My aunt, Aldine Younger, bequeathed a tragic legacy that has left its mark on three generations of our family.
This book was inspired by oral histories, clarified through personal interviews and documented with extensive research. The central characters are based on real people. Certain names are taken from historical public records. Others have been changed to protect the privacy of those who assisted in my mission to understand the circumstances that led to my aunt’s killing.
When my father and I returned to Illinois in 1996 to make my first inquiries into my aunt’s past, I was astonished to learn that over six decades after her death, her name was known, the “accident” remembered. A number of individuals were happy, even eager, to share their memories. Others, put off by lingering distaste for roadhouse scandal, declined to offer any assistance. Aldine Younger was still stirring up strong public opinion in her hometown.
For all the factual evidence and lively recollections that fueled my journey, I knew that the “true” story of Aldine Younger could only be accessed through the liberating power of fiction. Like all novels this one is a potpourri of experience, metaphor and hard-earned insight. Characters are composites, relationships embellished, drama heightened, and many scenes entirely the work of this writer’s imagination.

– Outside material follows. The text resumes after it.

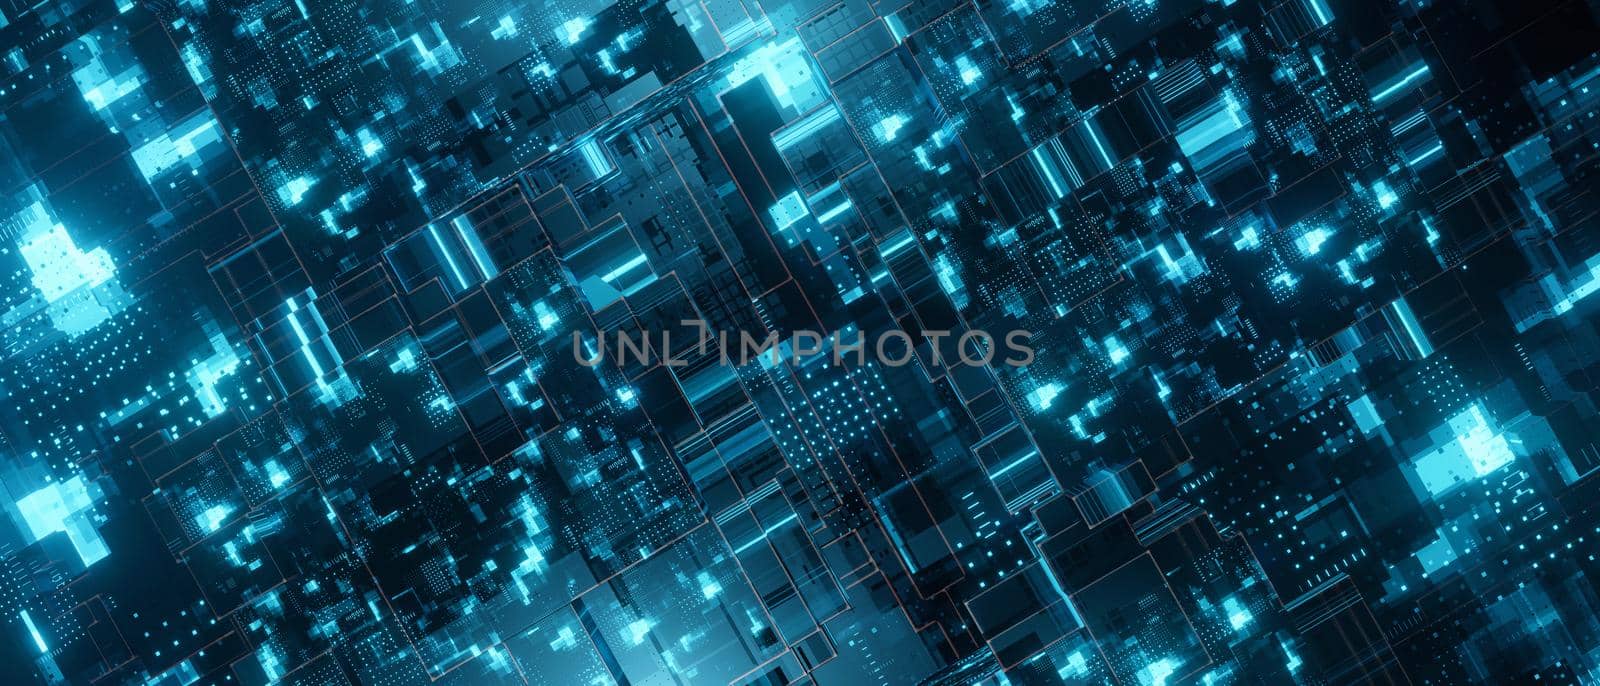 Abstract Shiny Futuristic Electronics Processor Or Large Scale PCB Circuit Like Pattern Surface Board Digital Light Blue Turquoise Banner Background Concepts 3D Illustration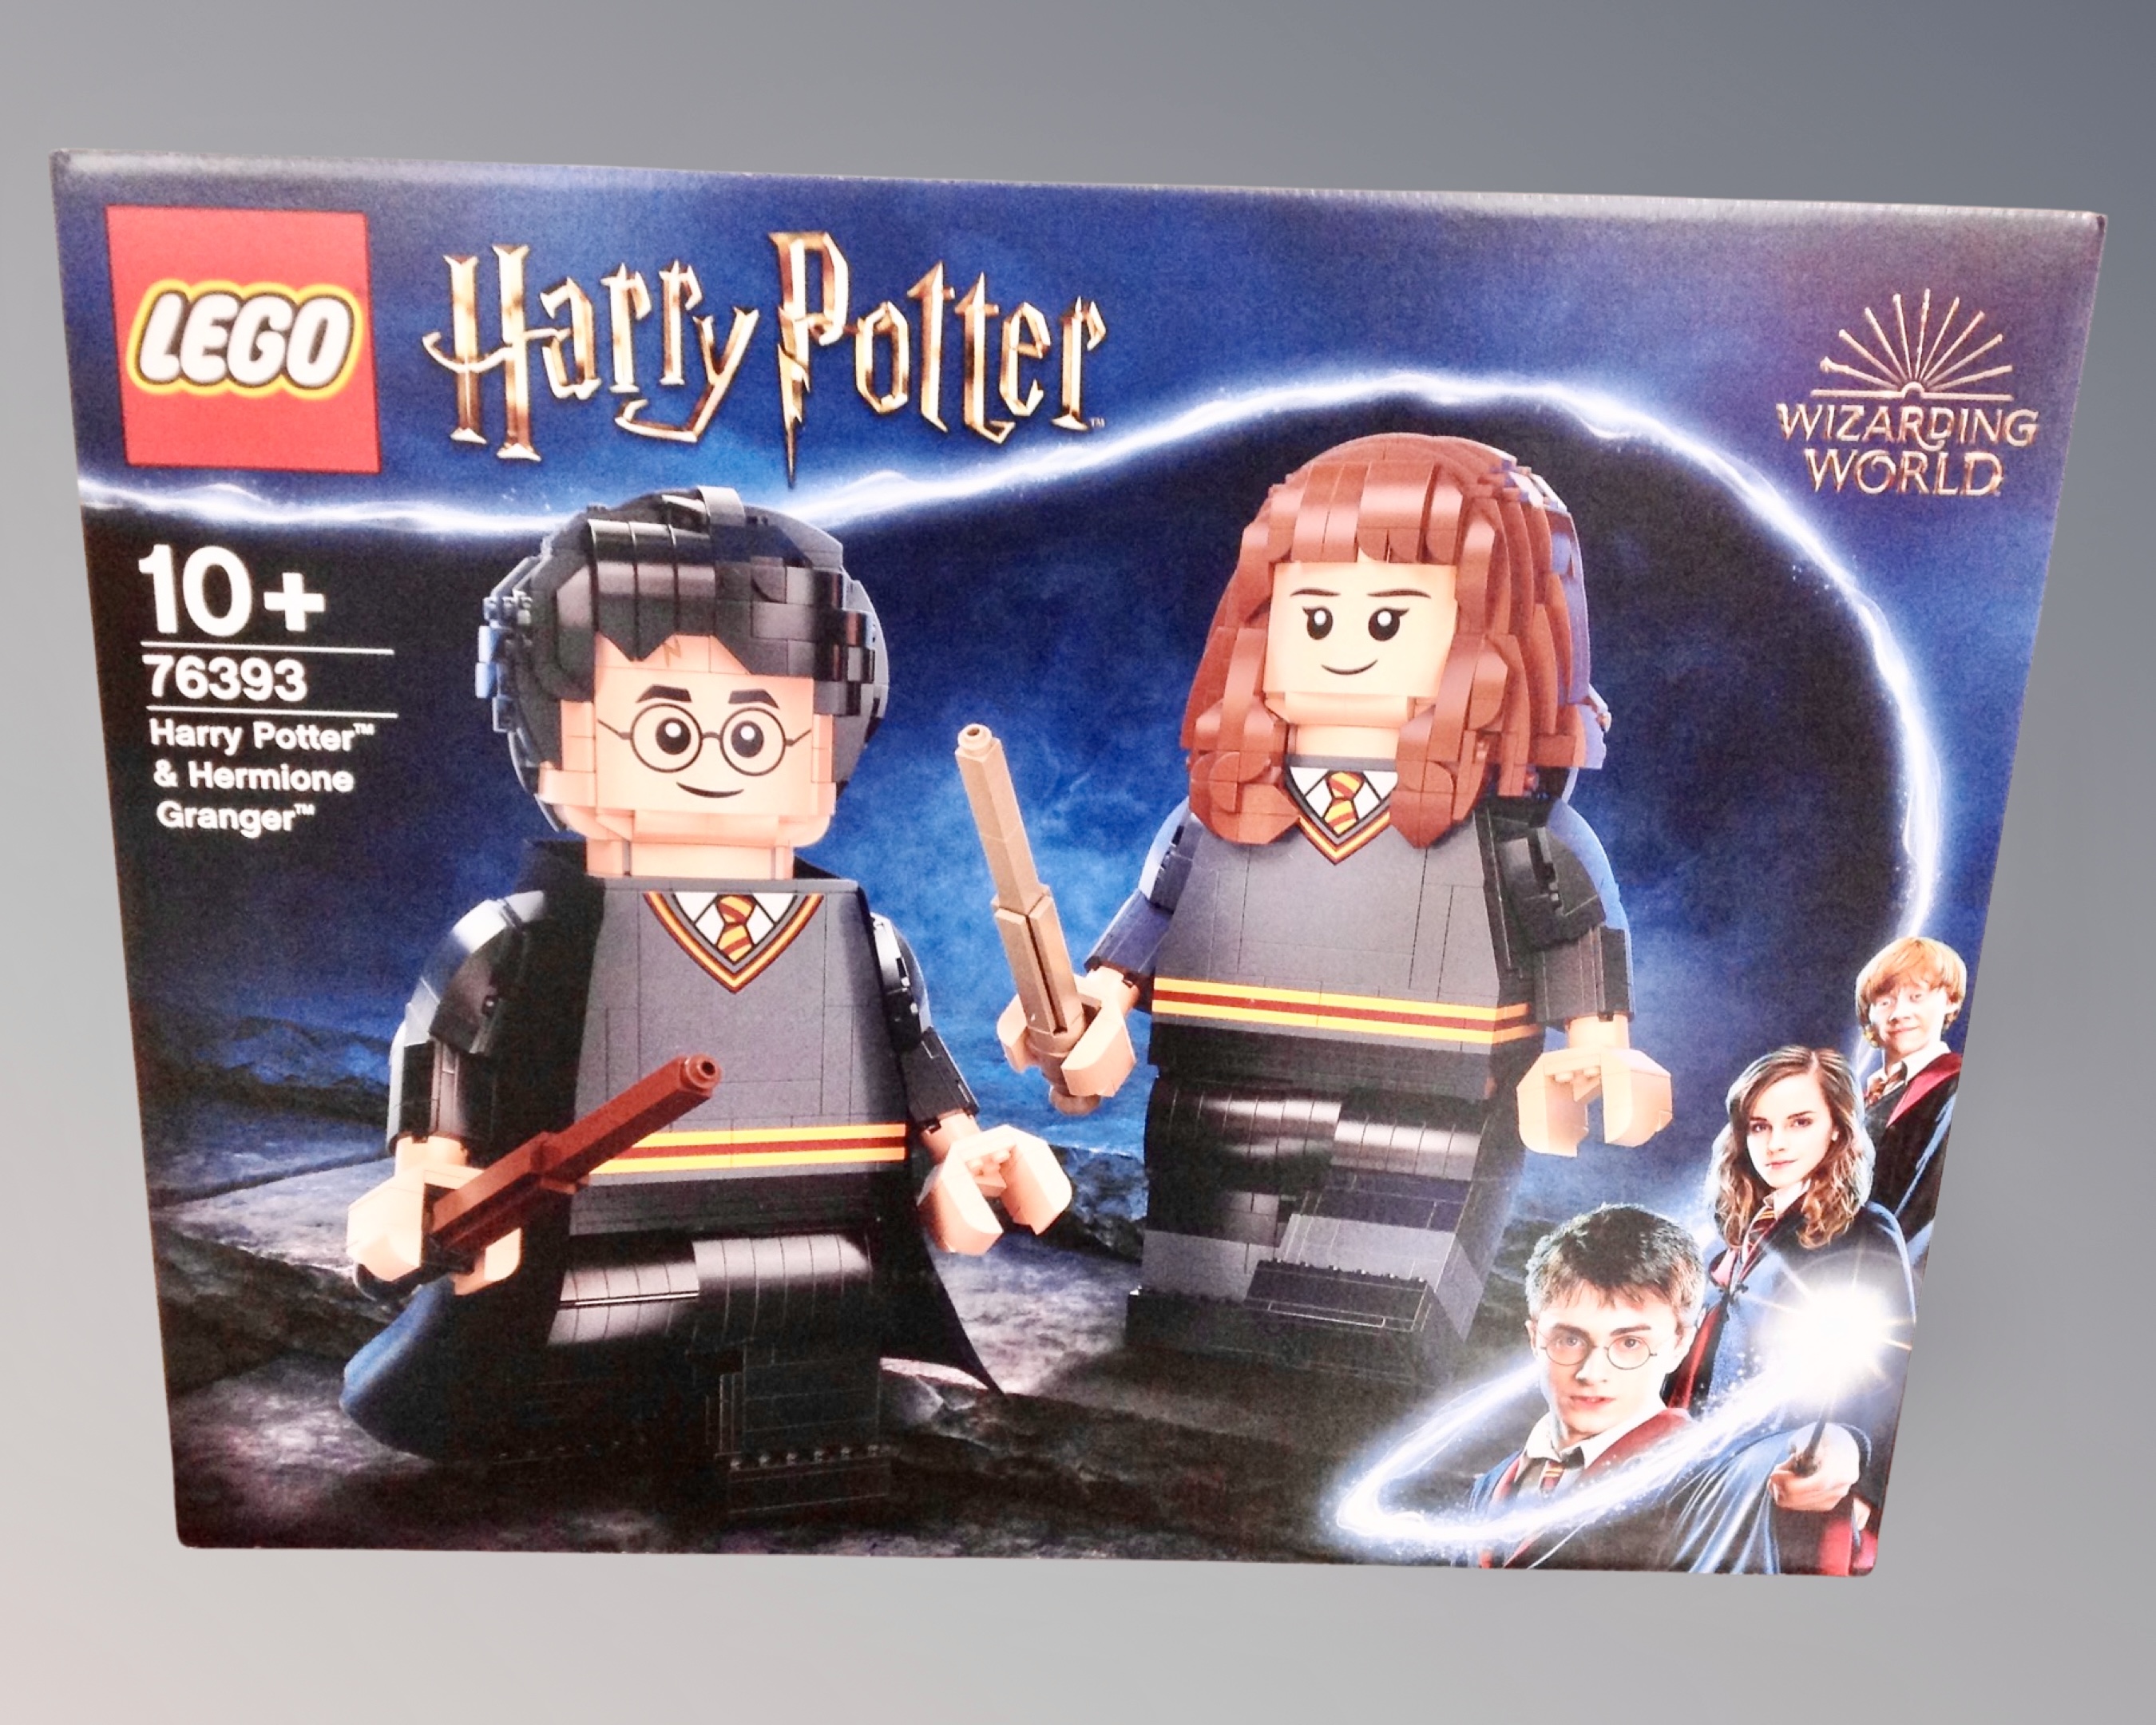 Lego : 76393 Harry Potter & Hermione Grainger, boxed, sealed, as new.

Subjects choose us as much as we choose them. The ghosts of my father’s tribe dined at our family table every night of my childhood like it or not. In a sense I grew up with Aunt Aldine. But I believe all ghosts, within and without, long to be released. For any child-woman wrenched from a place of safety and belonging before she is fully grown, there comes a time to transcend the past. To make peace with who they were and what they can now become. I wish that for Aldine. I wish that for all lost daughters.